◆ Work to be completed ◆
In the records below, repeat exactly the lines between the line holding "Skjæringsdalen, Strynefjellet" and the line holding "Rebus - Fashion Green/Green Lined", inclusive, and drop the pictures.

◆ Provided data ◆
* * * * * * * * *
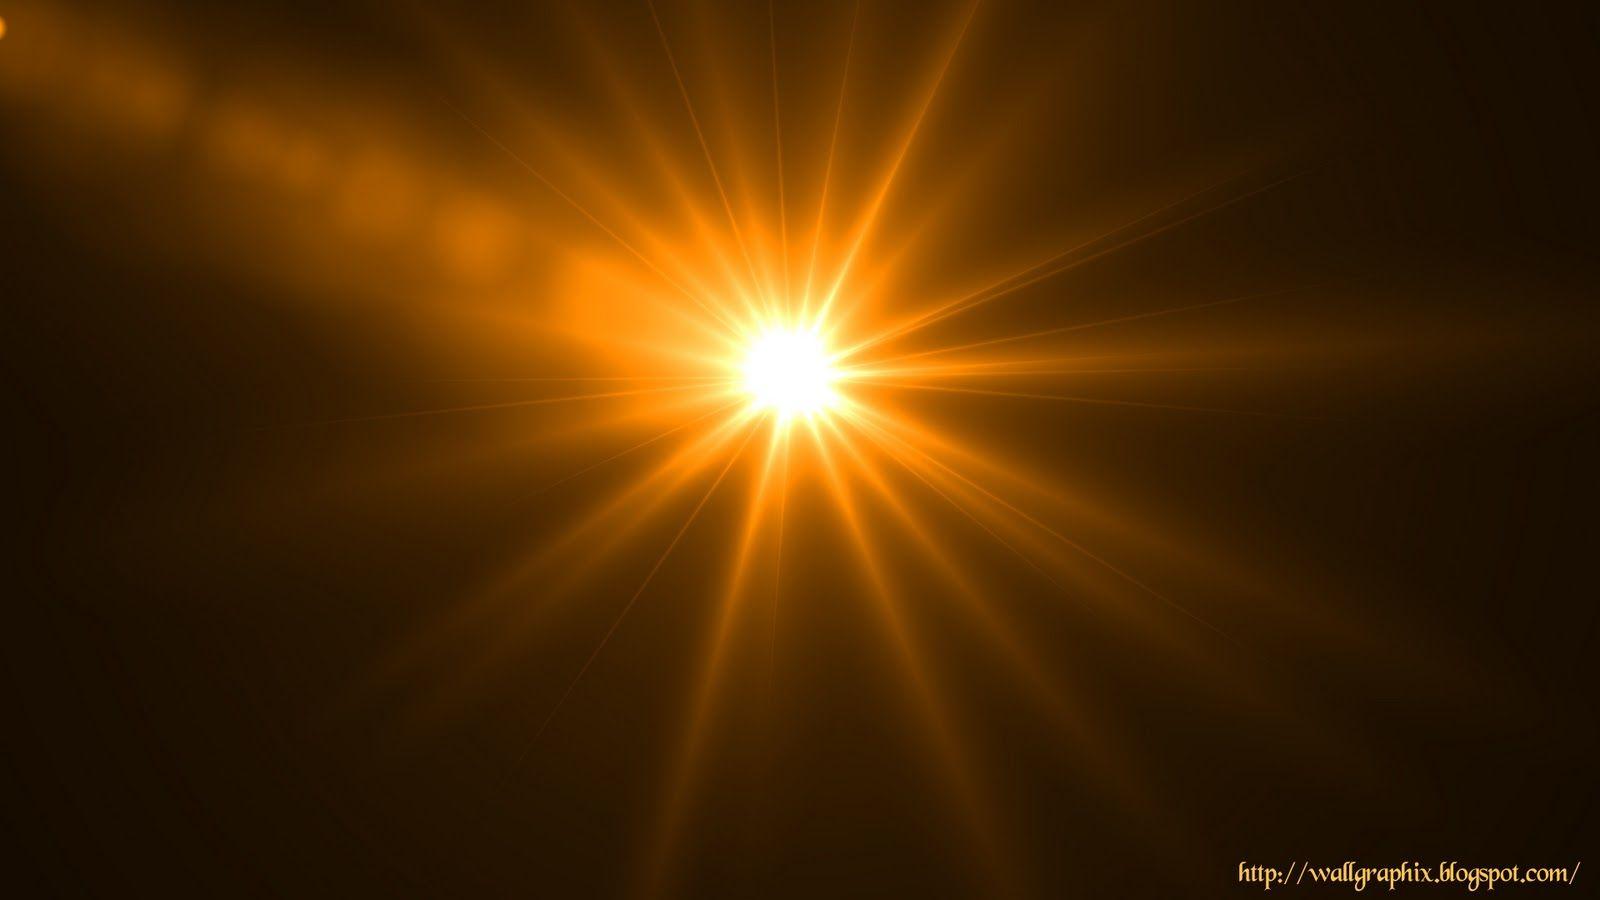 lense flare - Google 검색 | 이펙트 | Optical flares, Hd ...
* * * * * * * * *
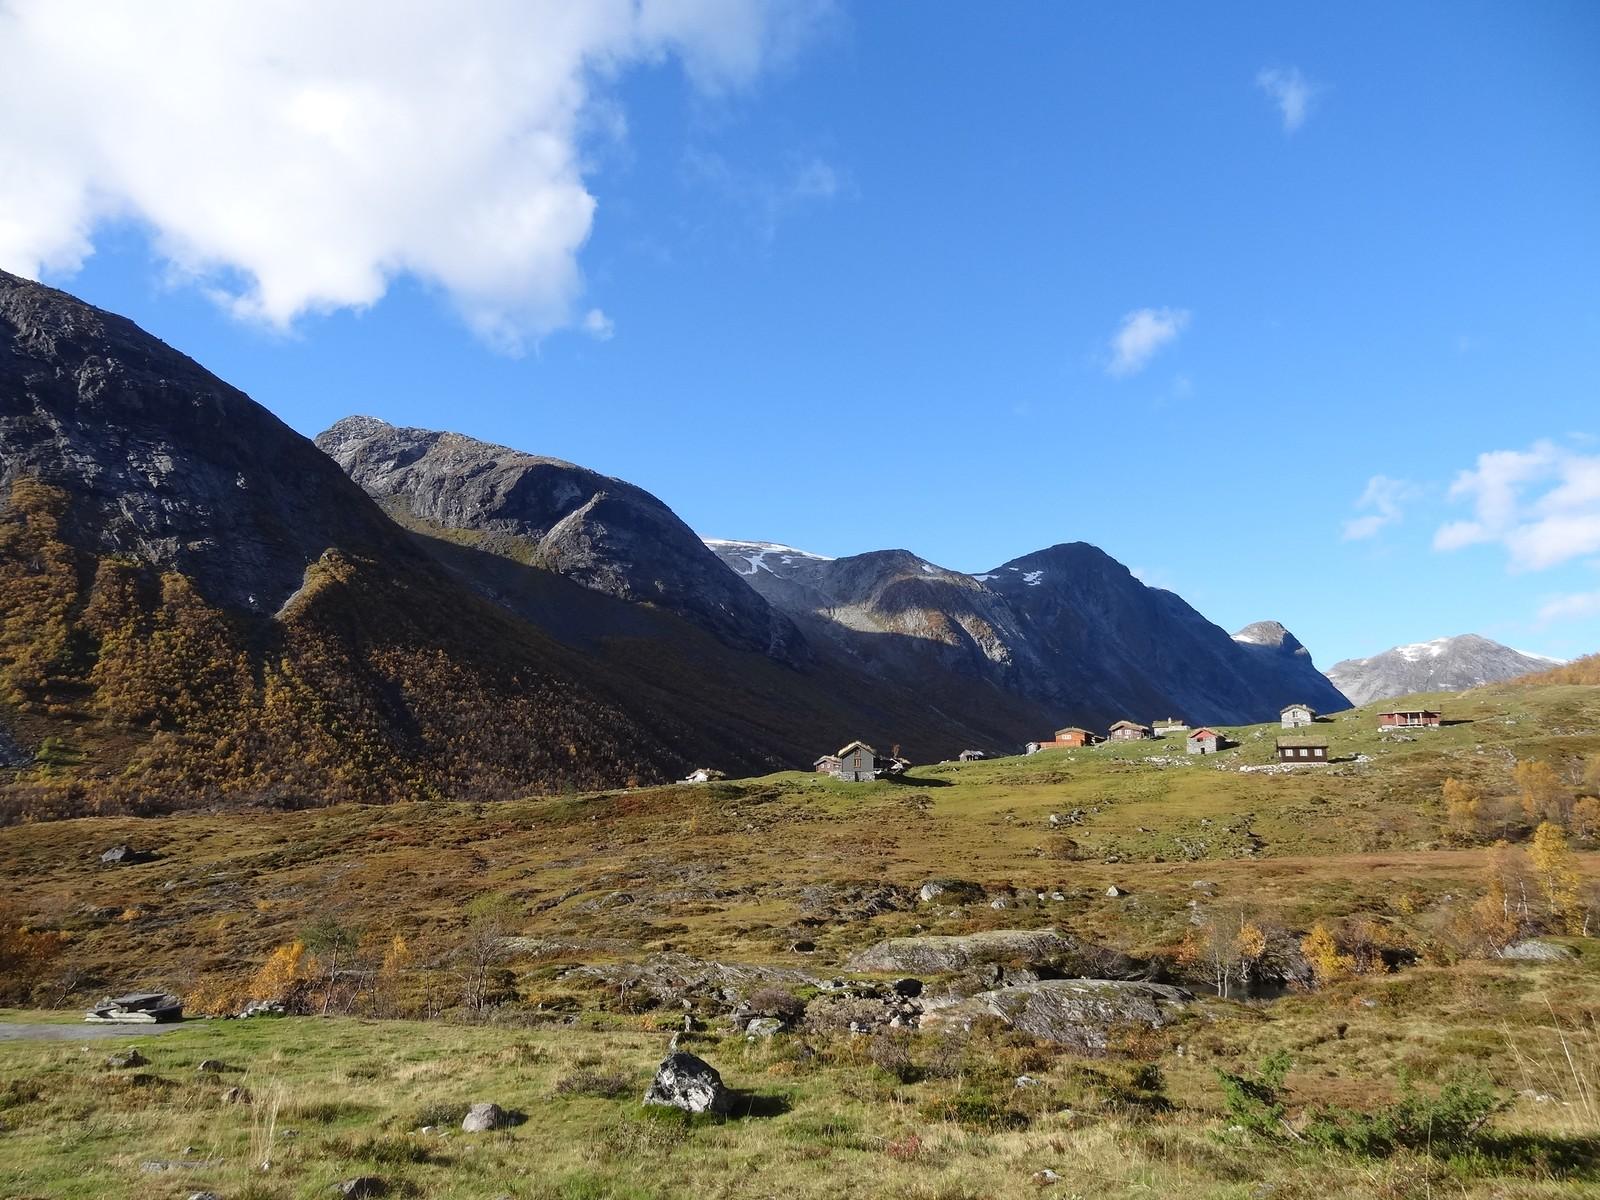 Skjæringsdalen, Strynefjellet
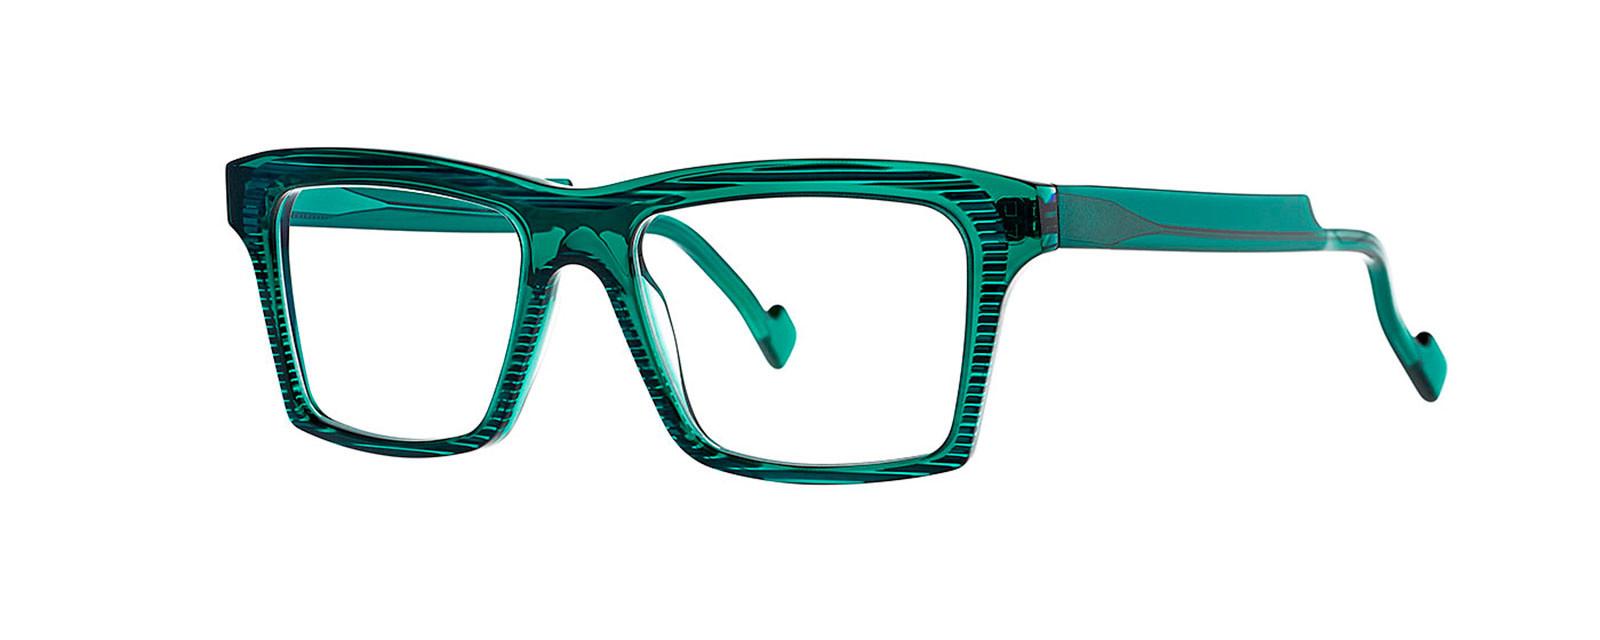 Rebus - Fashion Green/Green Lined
* * * * * * * * *
◆ Answer to this problem ◆
 Skjæringsdalen, Strynefjellet
 Rebus - Fashion Green/Green Lined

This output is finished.